De de forma é que se pode contribuir para que haja um maior envolvimento de todos, sociedade civil, empresas e instituições, nestas questões?
_ Com ações como a que vai acontecer agora, o Mais para Todos, do Lidl [ver cai­xa]. Embora seja muito importante, não é só acerca do dinheiro. Há muitas empresas que ajudam as instituições através de pro­gramas tutoriais, dando formação aos gestores do Terceiro Setor, noções de co­mo se candidatarem a um fundo euro­peu, do que a nível jurídico não podem fazer. Coisas que ninguém é obrigado a saber. E fazem isto de forma totalmente anónima e pro bono.
Se tivesse de apontar uma prioridade, qual seria?
_Há tanta coisa… Uma distribuição mais equitativa de tudo. Não só dos meios finan­ceiros, mas da quantidade das instituições que existem pelo país. Há zonas com over­booking e outras que estão desertas e que precisavam de uma associação ou IPSS, de uma resposta social. Se houvesse uma me­lhor distribuição, dificilmente haveria tan­tos problemas.
Que balanço faz das campanhas que apa­drinhou e apoiou? Tem ideia de quantos já foram? Os resultados foram os esperados?
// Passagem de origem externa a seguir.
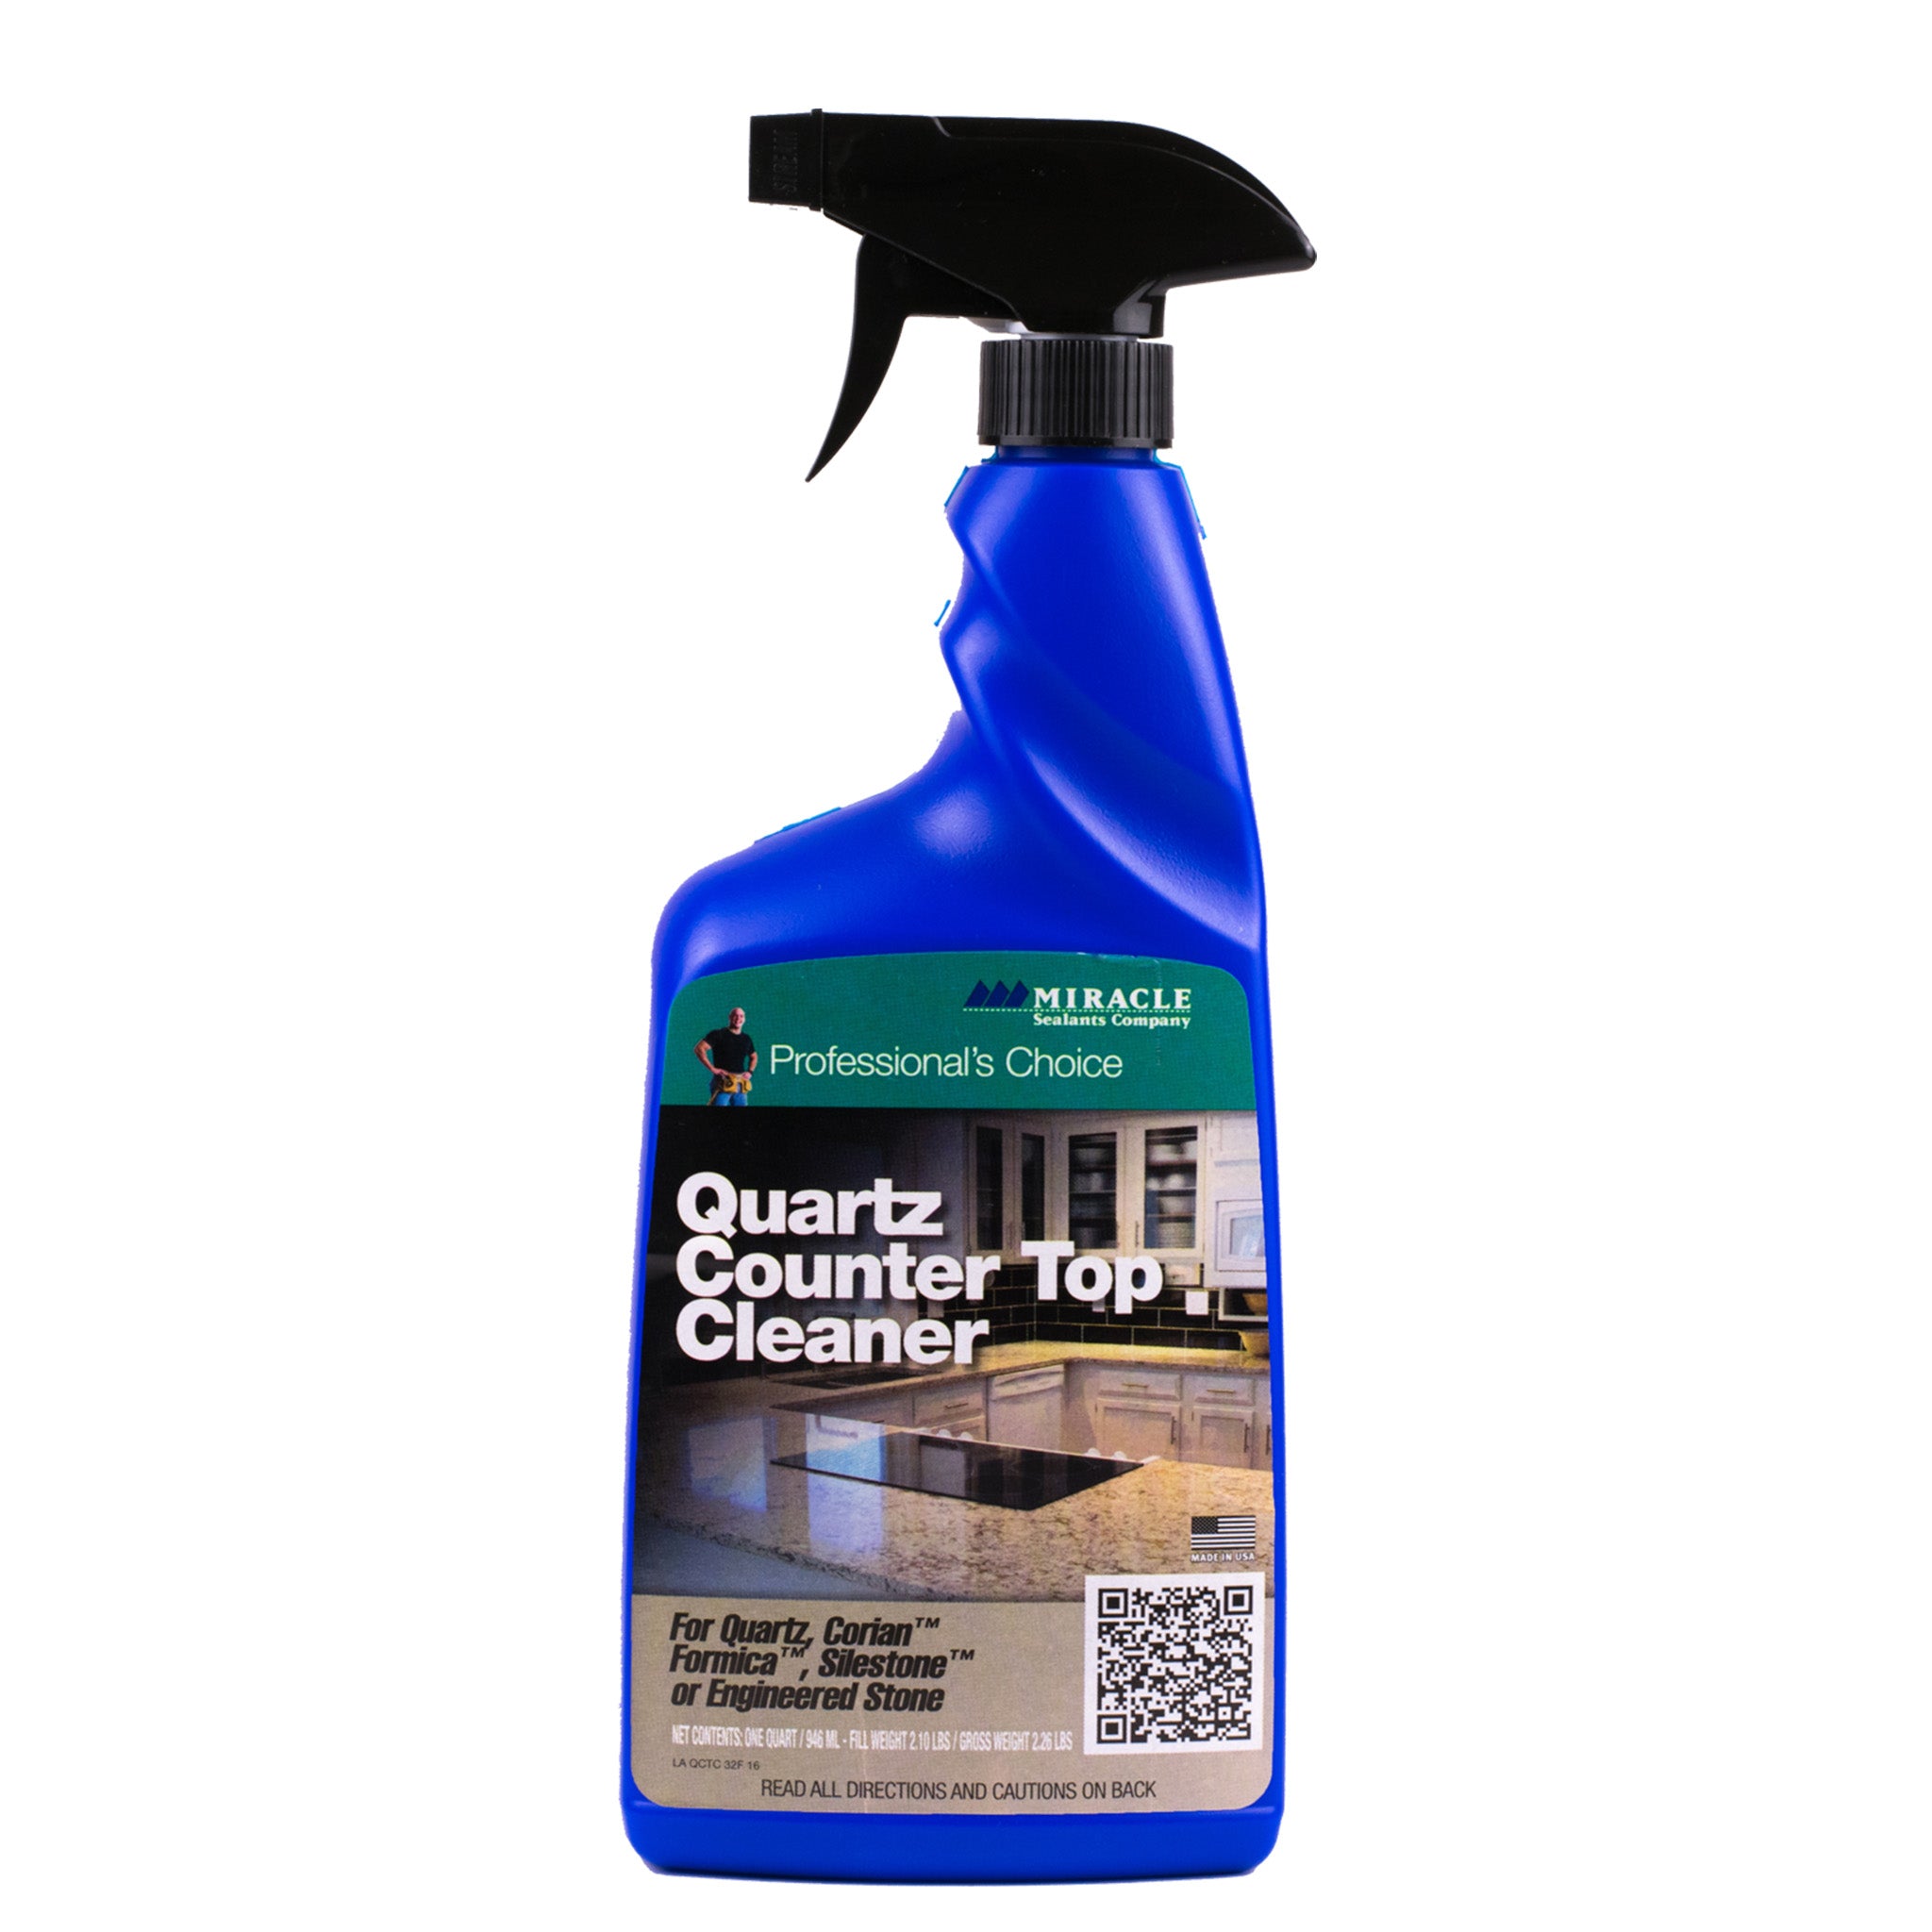 Miracle Quartz Counter Top Cleaner

_Não consigo sequer imaginar, às vezes são coisas tão pequeninas e as pessoas dão logo aquele título «embaixadora» ou «ma­drinha». Faço porque gosto e porque acre­dito. Quanto ao balanço, da minha parte, e porque me entrego sem qualquer expetati­va além da felicidade geral, minha e dos ou­tros, acho que corre sempre bem.

MAIS PARA TODOS
Fernanda Freitas será jurada no pro­jeto Mais para Todos, do Lidl, um mo­vimento de responsabilidade social que arranca amanhã e se prolonga até dia 24. Por cada compra nas 239 lojas, serão doados dez cêntimos e várias marcas nacionais e interna­cionais também irão contribuir. A re­ceita será distribuída pelas institui­ções que se candidatarem ao projeto. Fernanda Freitas abraçou este novo desafio esperando «encontrar pro­jetos válidos e que tenham um cará­ter de continuidade e sustentabilida­de». Quanto à iniciativa levada a cabo nas lojas, a jurada salienta ser «muito curioso ter conseguido juntar tantas marcas». «É uma campanha arroja­da, pois deixa ao consumidor a deci­são de escolher produtos das marcas mais responsáveis e premiar as em­presas que vão ajudar os outros.»